NEW YORK/GENEVA, JUNE 6, 2022—At the World Trade Organization (WTO) General Council Meeting tomorrow and the WTO Ministerial Conference that starts on June 12, governments are expected to continue negotiations on a problematic version of an intellectual property (IP) waiver on COVID-19 medical tools that was presented in early May. If adopted as it stands, it would essentially only waive certain IP on COVID-19 vaccines—leaving people across the world without access to lifesaving treatments and diagnostics, said Doctors Without Borders/Médecins Sans Frontières (MSF).
MSF is urging governments, including the US government, to reject this version and instead take this opportunity to adopt the original version of the TRIPS waiver that was proposed 20 months ago and supported by more than 100 governments. The original waiver was designed to lift IP monopolies on medical tools for the duration of the pandemic and help ensure access to COVID-19 vaccines, treatments, and diagnostics for everyone, everywhere.
Yuanqiong Hu, senior legal and policy advisor for MSF's Access Campaign:
“People’s access to important COVID-19 treatments and diagnostics remains challenging in many developing countries due in part to IP barriers and restrictive licensing by pharmaceutical corporations. The original TRIPS waiver proposed 20 months ago aimed to tackle IP barriers for all COVID-19 medical tools by making it easier for any country to increase production and supply during the pandemic. Adopting it should have been an urgent and essential priority for the global pandemic response.

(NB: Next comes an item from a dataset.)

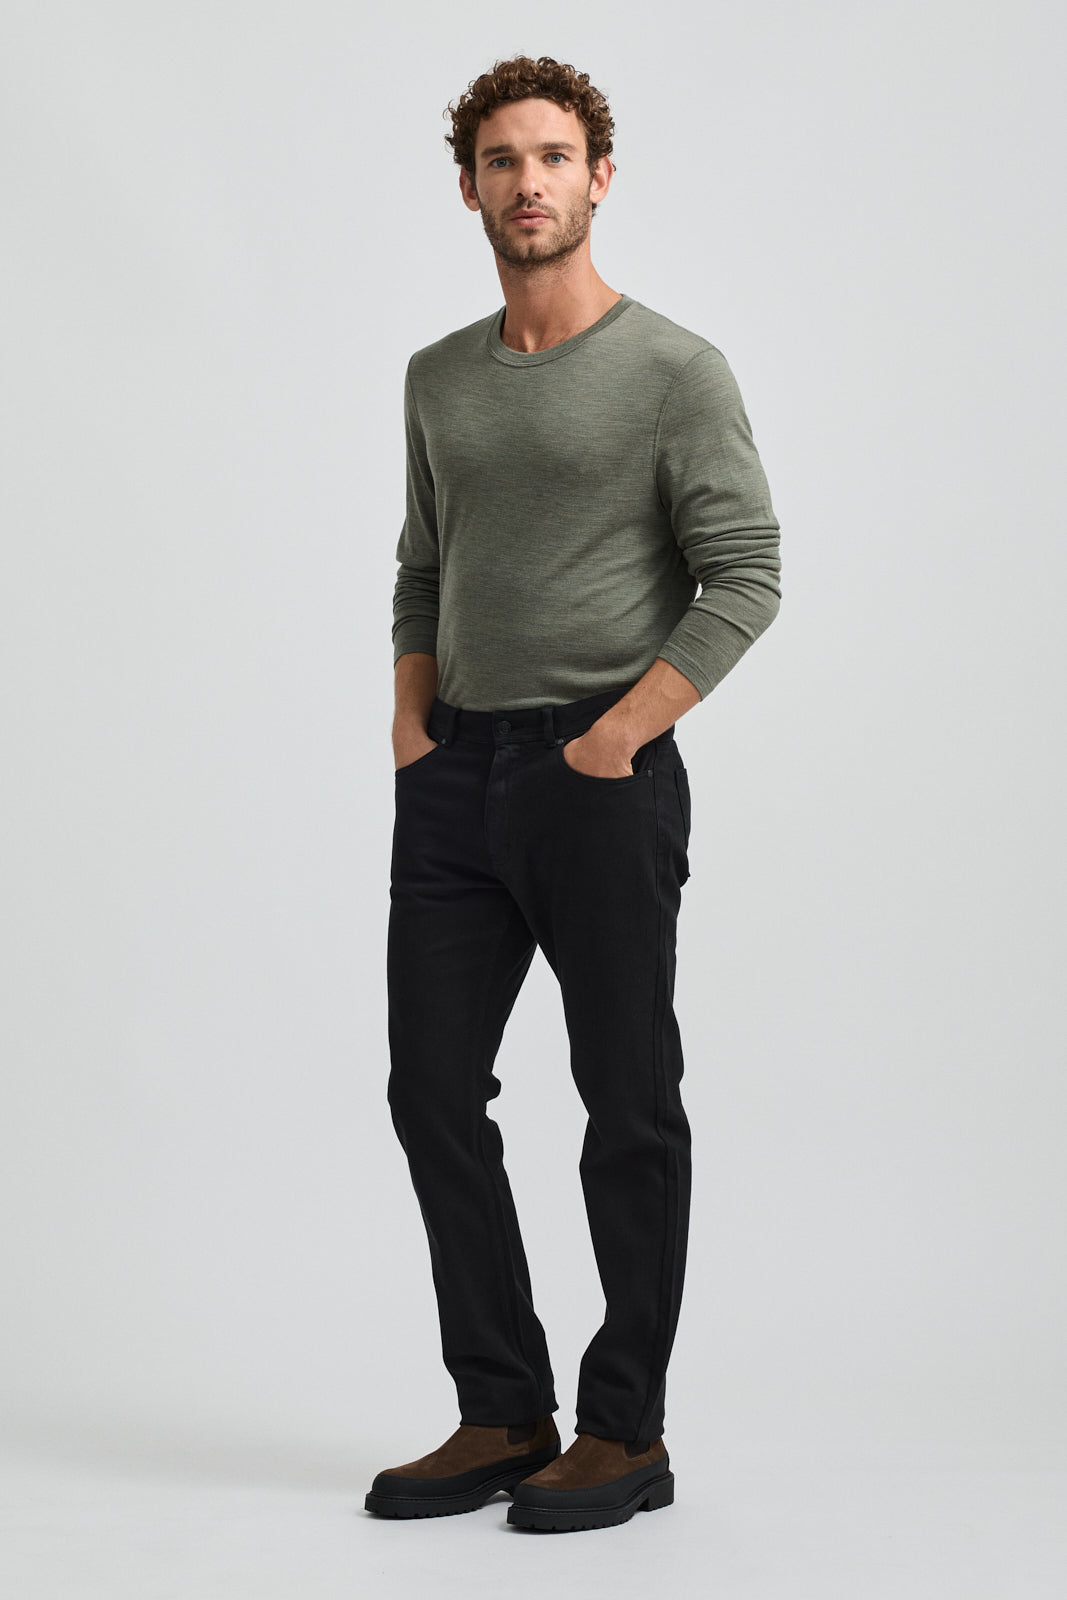 Buy Men's Merino Wool Denim Jeans – Toorallie Australia

“This is the last chance for governments to finally do the right thing and come back to the original spirit of the TRIPS waiver proposal that had the support of over 100 governments, international health institutions, civil society groups, and millions of people across the globe. Against the backdrop of a pandemic that WHO estimates has already claimed almost 15 million lives—and in which there has been grave inequity in access to medical tools—we want to see governments urgently come up with a true IP waiver that covers treatments, vaccines, and tests and is free for any country to use.
“We are gravely concerned that the text currently being used as the basis for negotiations is categorically different than the original TRIPS waiver proposal and contains multiple issues that need to be substantively addressed. We don’t want to see a decision at WTO that could take us in the wrong direction and may end up setting a negative precedent, including by limiting existing public health safeguards.”